Multiple technologies allow for connecting hardware significantly more densely than we currently do, primarily things like chiplets and memory stacking. Intel’s Ponte Vecchio intends to tie 96 (or 192?) compute dies together, across 6 interconnected GPUs, each made of 2 (or 4?) groups of 8 compute dies.
Neural networks are amicable to ‘spatial computing’ (visualization), and using appropriate algorithms the end-to-end latency can largely be ignored as long as the block-to-block latency and throughput is sufficiently high. This means there’s no clear limit to this sort of scaling, since the individual latencies are invariant to scale.
The switches themselves between the computers are not at a limit yet, because of silicon photonics, which can even be integrated alongside compute dies.
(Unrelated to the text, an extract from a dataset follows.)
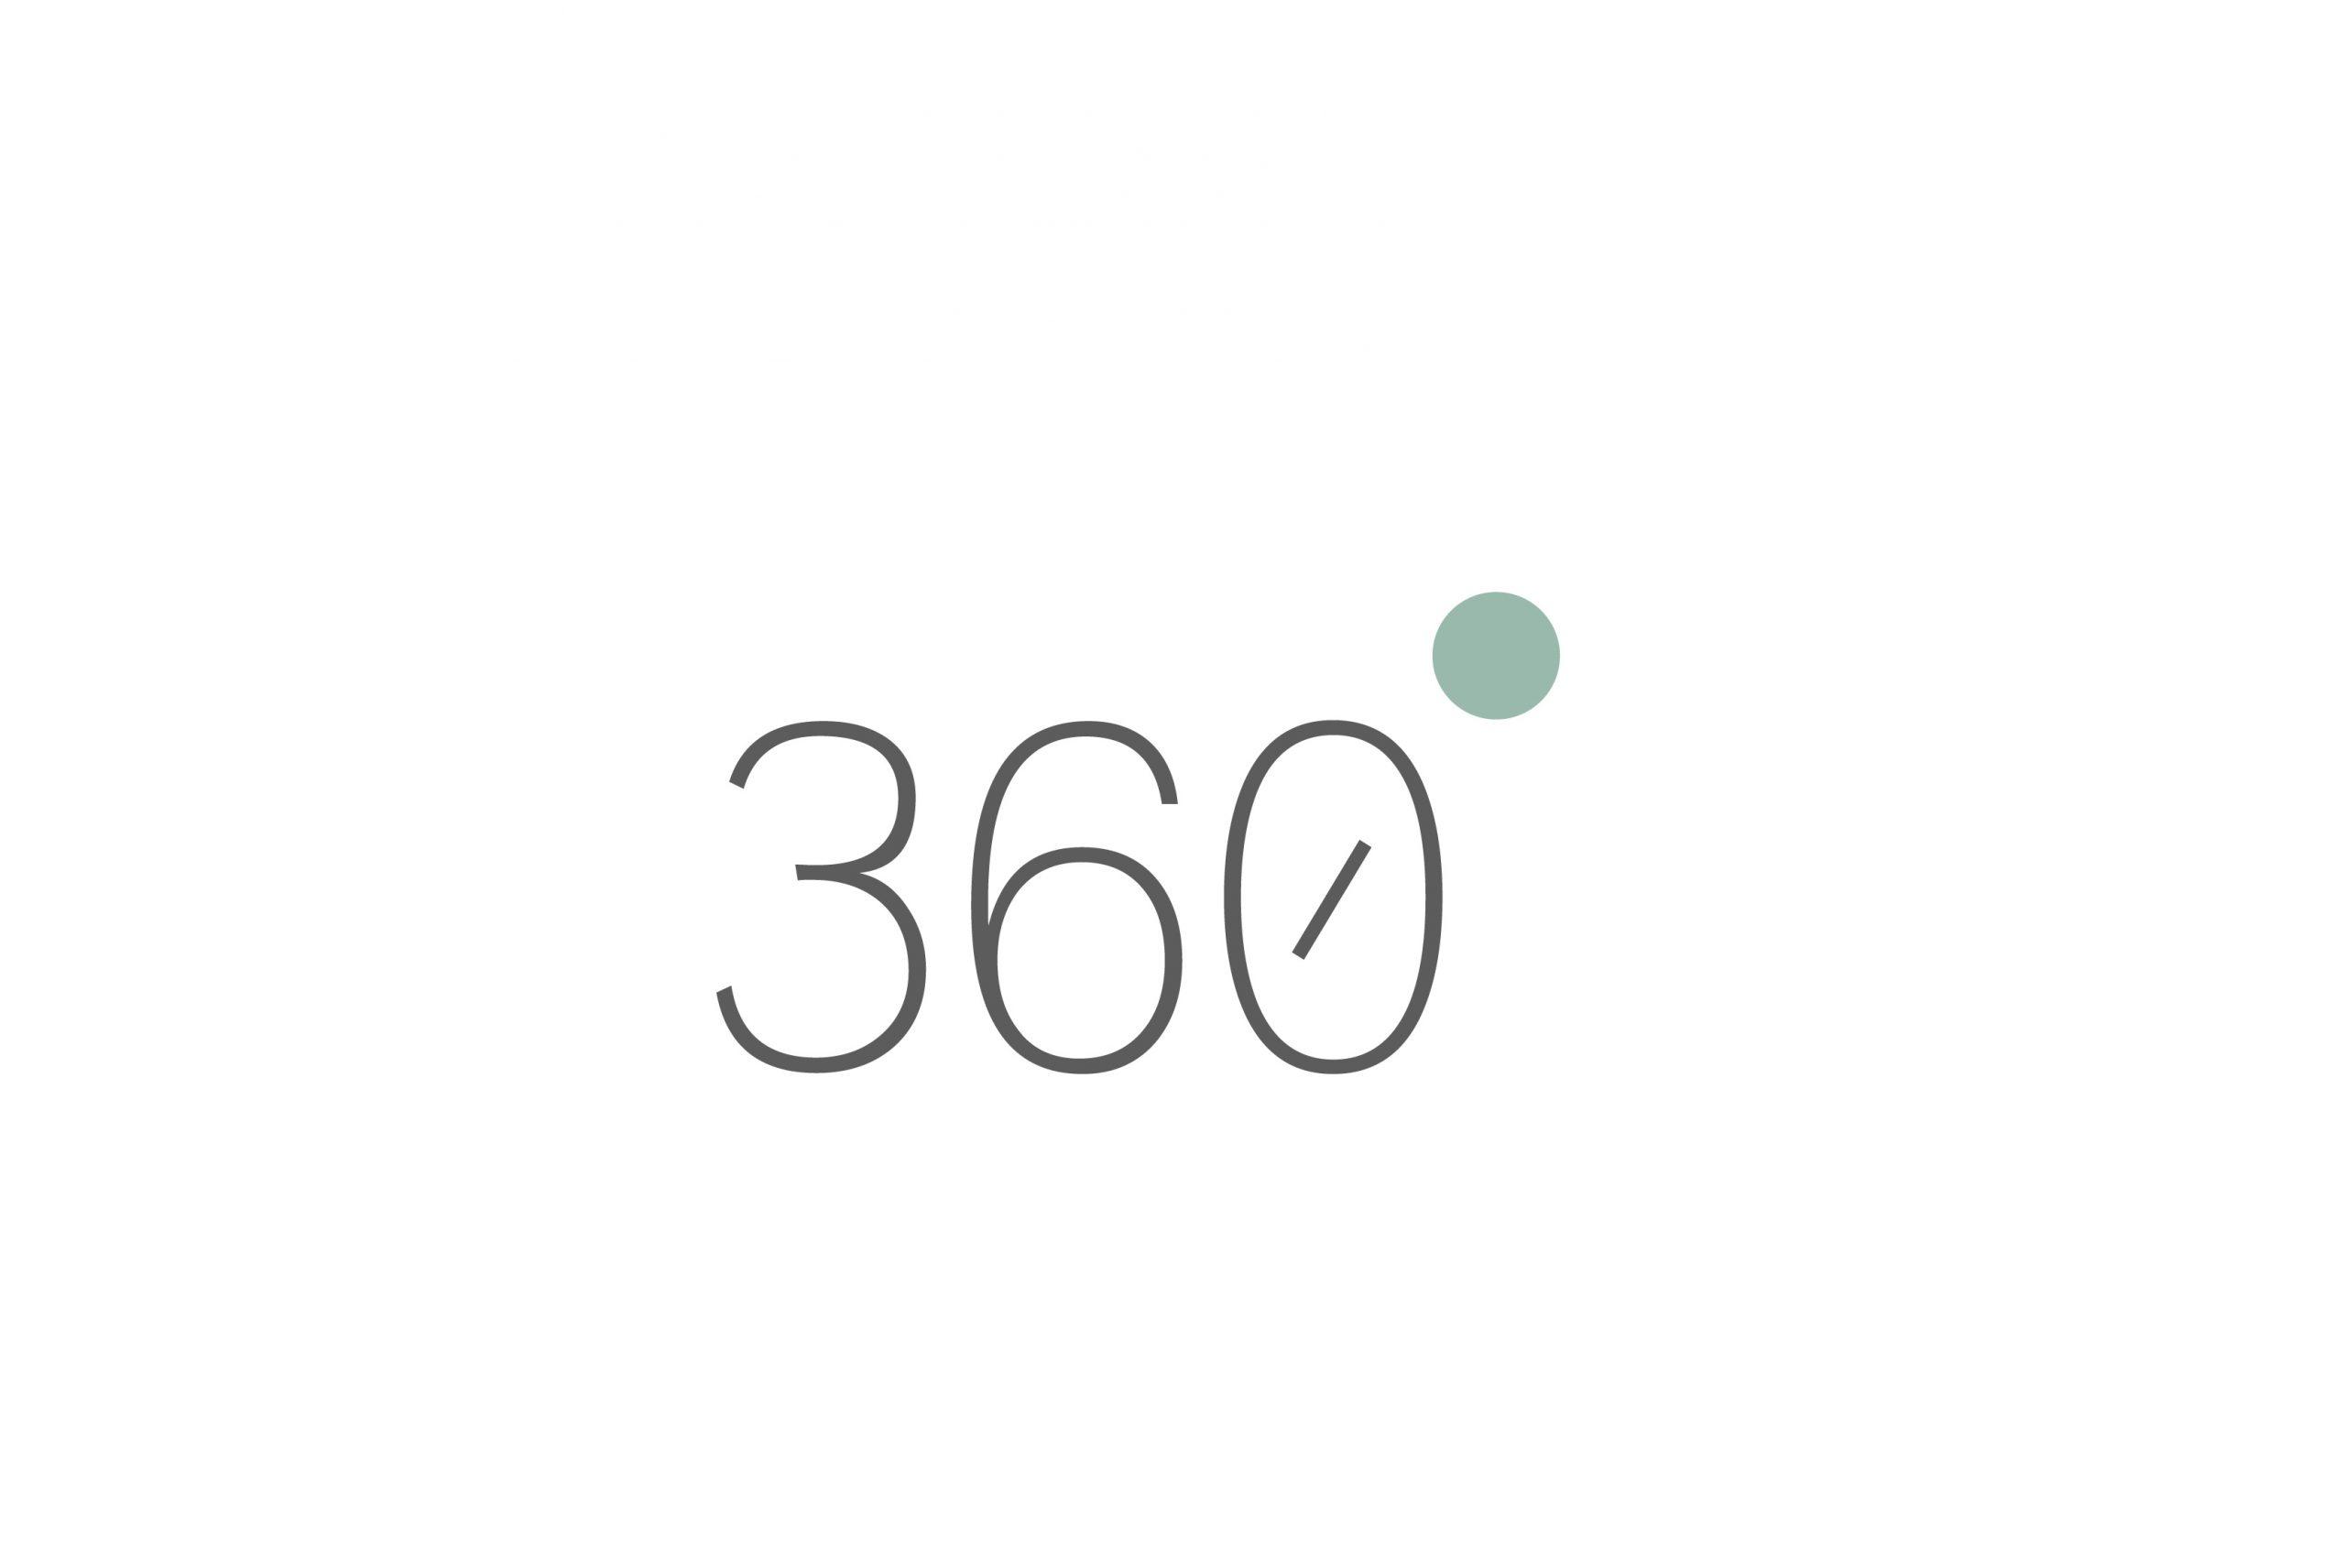 icone 360 7essentiels

That example is in a switch, but they can also be integrated alongside GPUs.
You mention this, but to complete the list, sparse training makes scale-out vastly easier, at the cost of reducing the effectiveness of scaling. GShard showed effectiveness at >99.9% sparsities for mixture-of-experts models, and it seems natural to imagine that a more flexible scheme with only, say, 90% training sparsity and support for full-density inference would allow for 10x scaling without meaningful downsides.
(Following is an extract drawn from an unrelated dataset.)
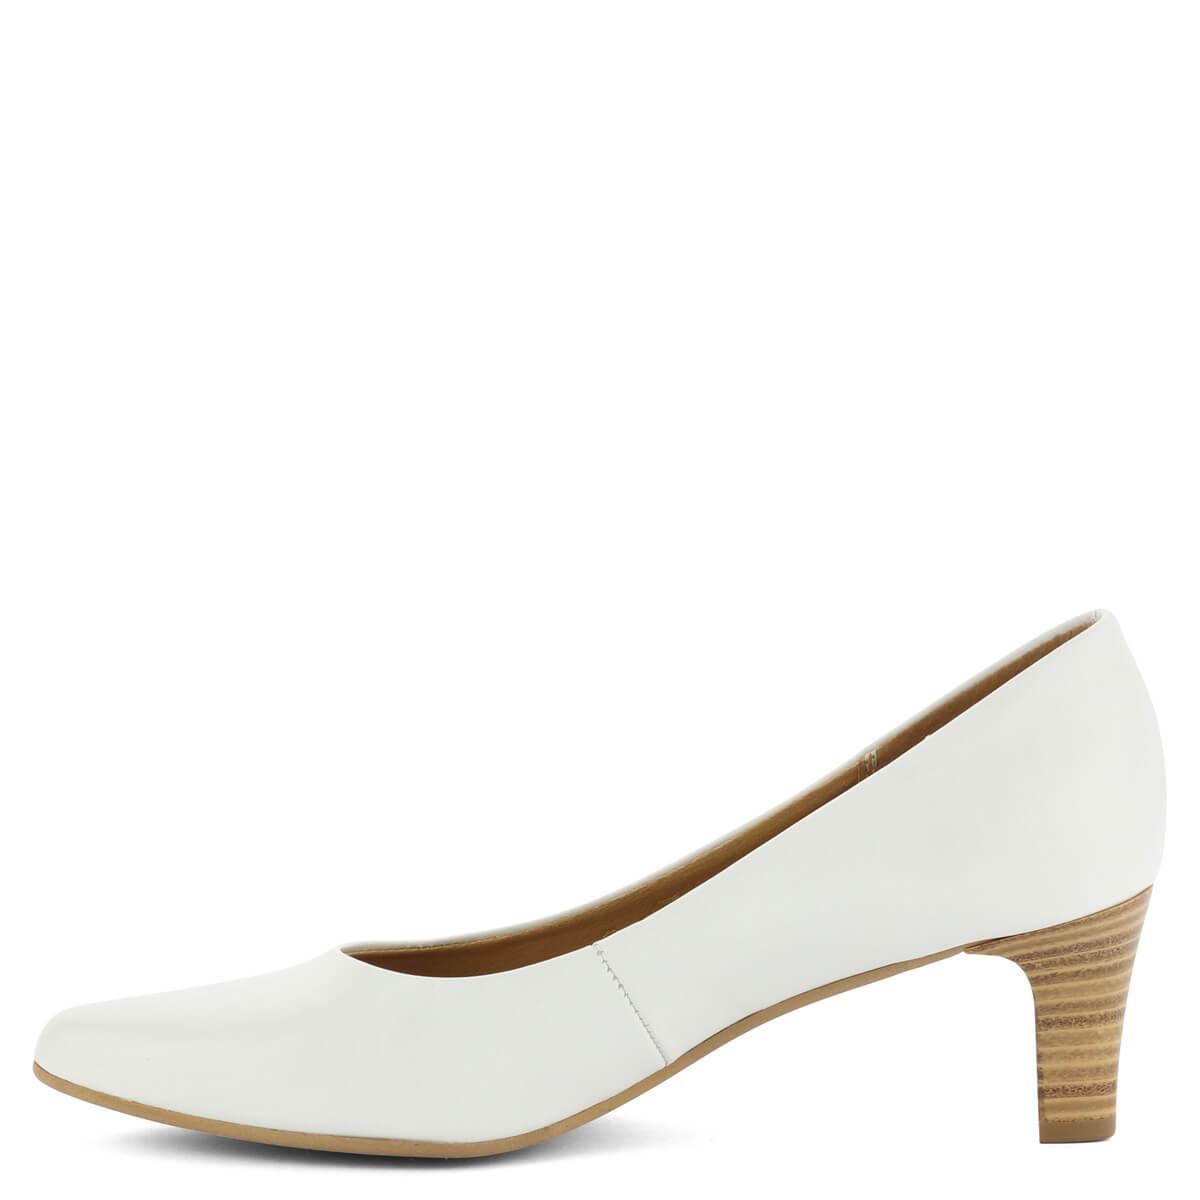 ... Fehér Tamaris cipő 6 cm magas sarokkal. Klasszikus 32393dee3a

It seems plausible to me that a Manhattan Project could scale to models with a quintillion parameters, aka. 10,000,000x scaling, within 15 years, using only lightweight training sparsity. That’s not to say it’s necessarily feasible, but that I can’t rule out technology allowing that level of scaling.
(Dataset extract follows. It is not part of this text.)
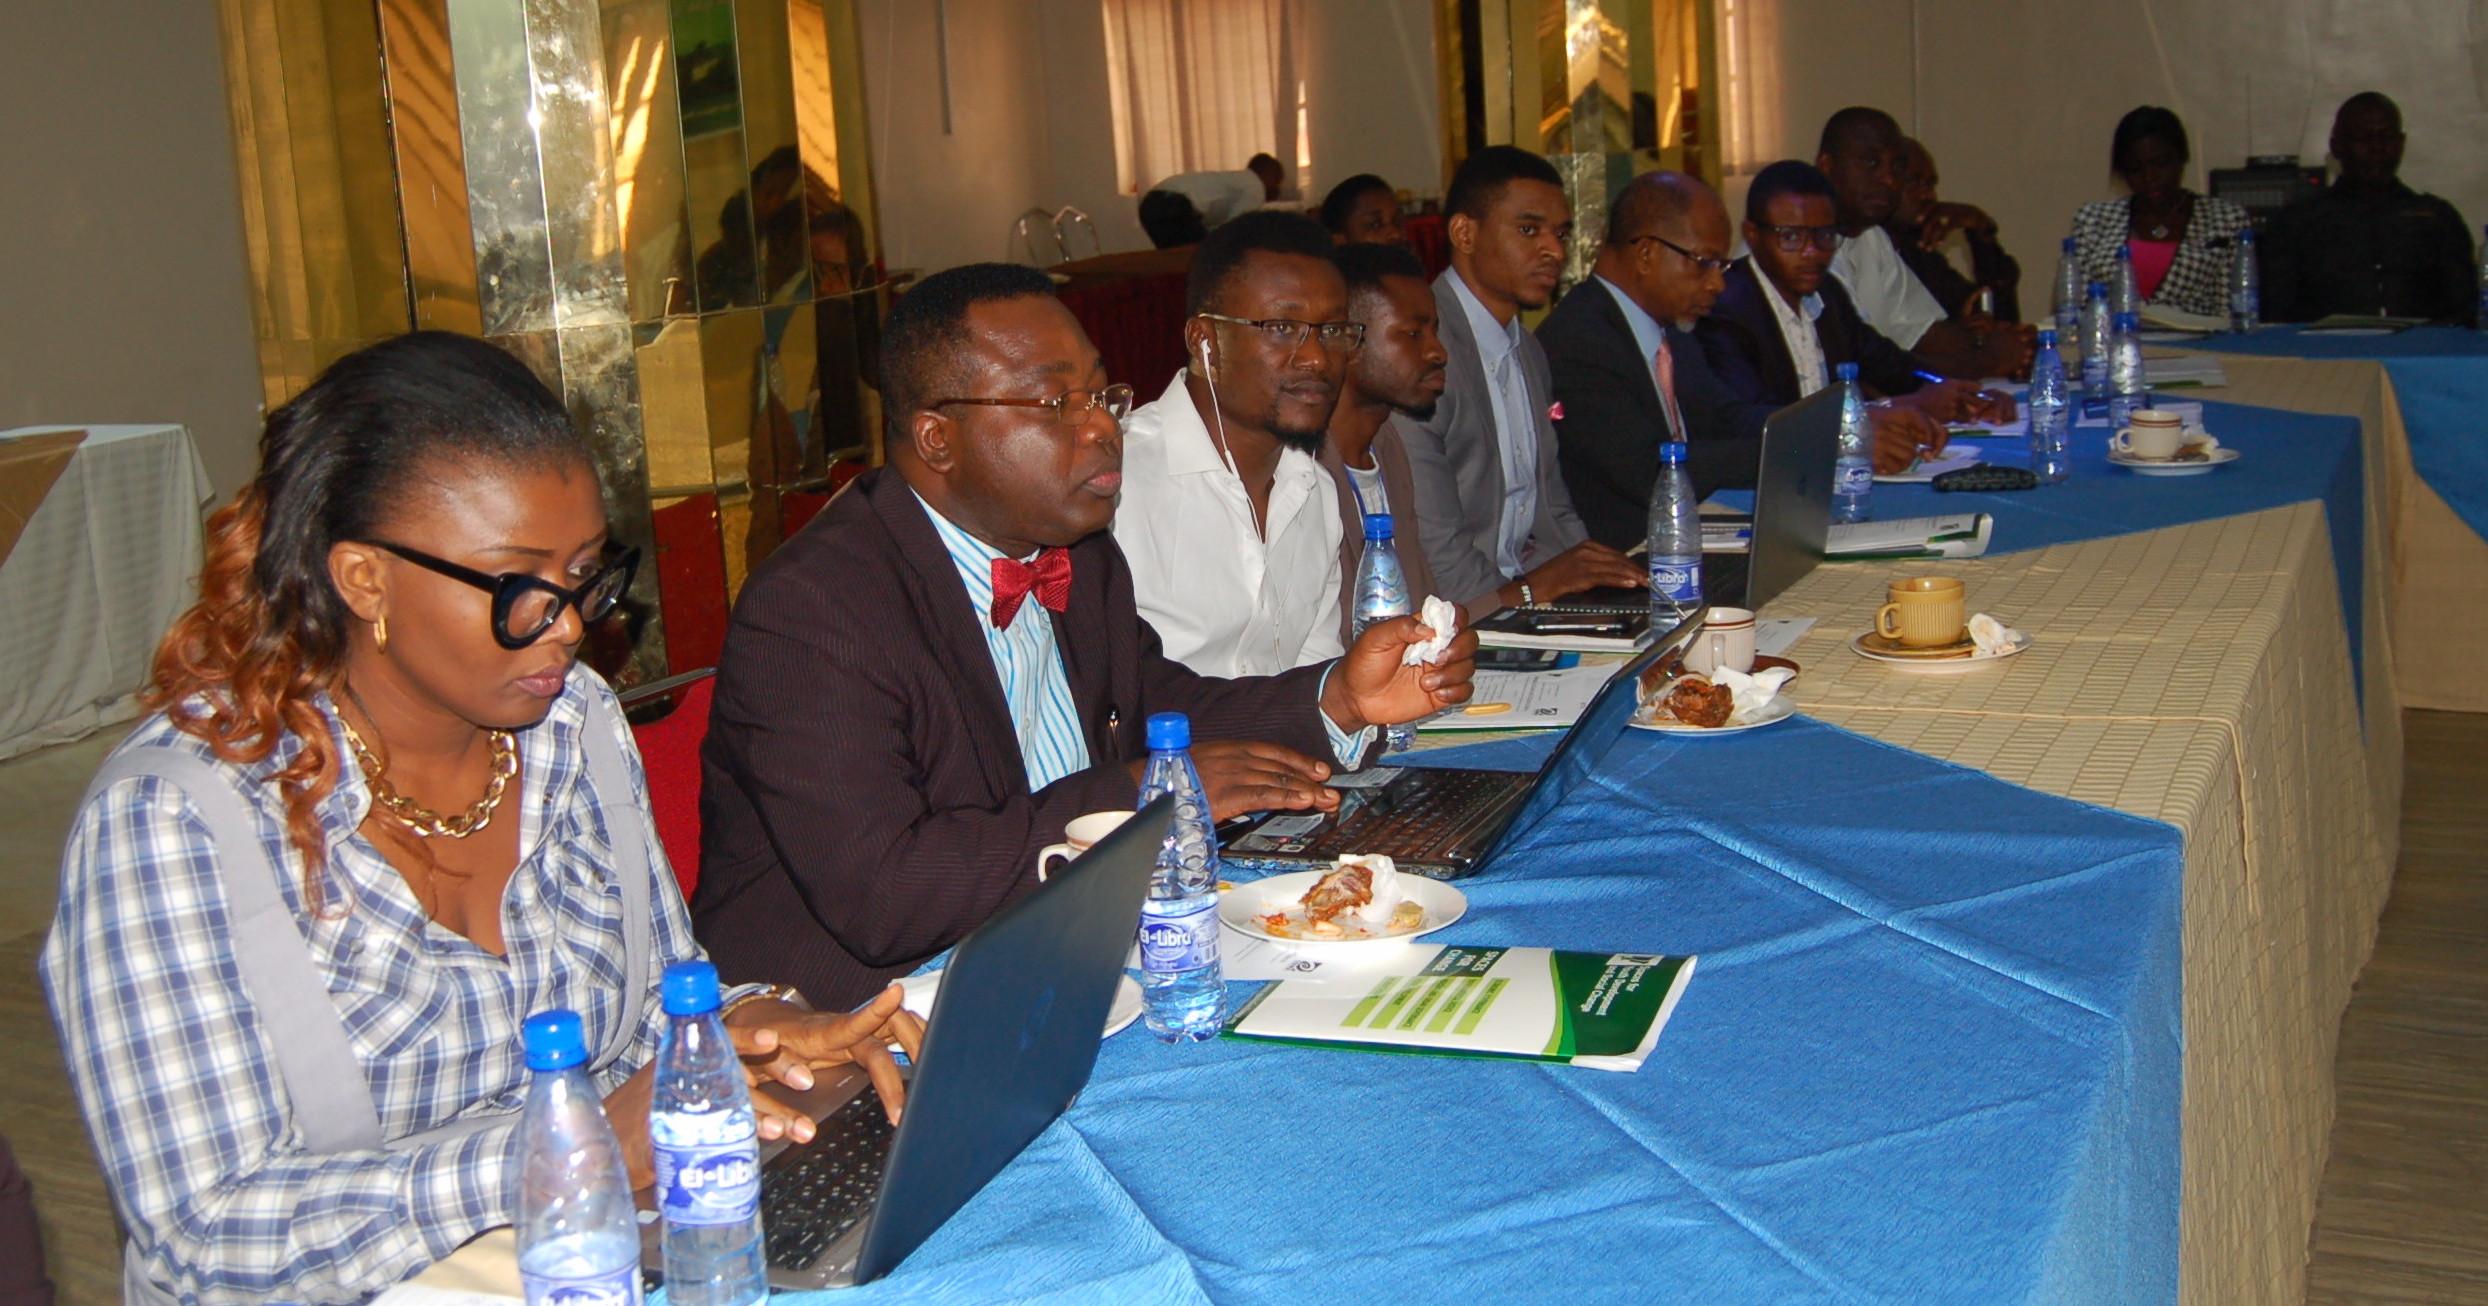 Forum participants

When I cite scaling limit numbers, I’m mostly deferring to my personal discussions with Tim Dettmers (whose research is on hardware, sparsity, and language models), so I’d check out his comment on this post for more details on his view of why we’ll hit scaling limits soon!
I disagree with that post and its first two links so thoroughly that any direct reply or commentary on it would be more negative than I’d like to be on this site. (I do appreciate your comment, though, don’t take this as discouragement for clarifying your position.) I don’t want to leave it at that, so instead let me give a quick thought experiment.
A neuron’s signal hop latency is about 5ms, and in that time light can travel about 1500km, a distance approximately equal to the radius of the moon. You could build a machine literally the size of the moon, floating in deep space, before the speed of light between the neurons became a problem relative to the chemical signals in biology, as long as no single neuron went more than half way through. Unlike today’s silicon chips, a system like this would be restricted by the same latency propagation limits that the brain is, but still, it’s the size of the moon. You could hook this moon-sized computer to a human-shaped shell on Earth, and as long as the computer was directly overhead, the human body could be as responsive and fully updatable as a real human.
While such a computer is obviously impractical on so many levels, I find it a good frame of reference to think about the characteristics of how computers scale upwards, much like Feynman’s There’s Plenty of Room at the Bottom was a good frame of reference for scaling down, considered back when transistors were still wired by hand. In particular, the speed of light is not a problem, and will never become one, except where it’s a resource we use inefficiently.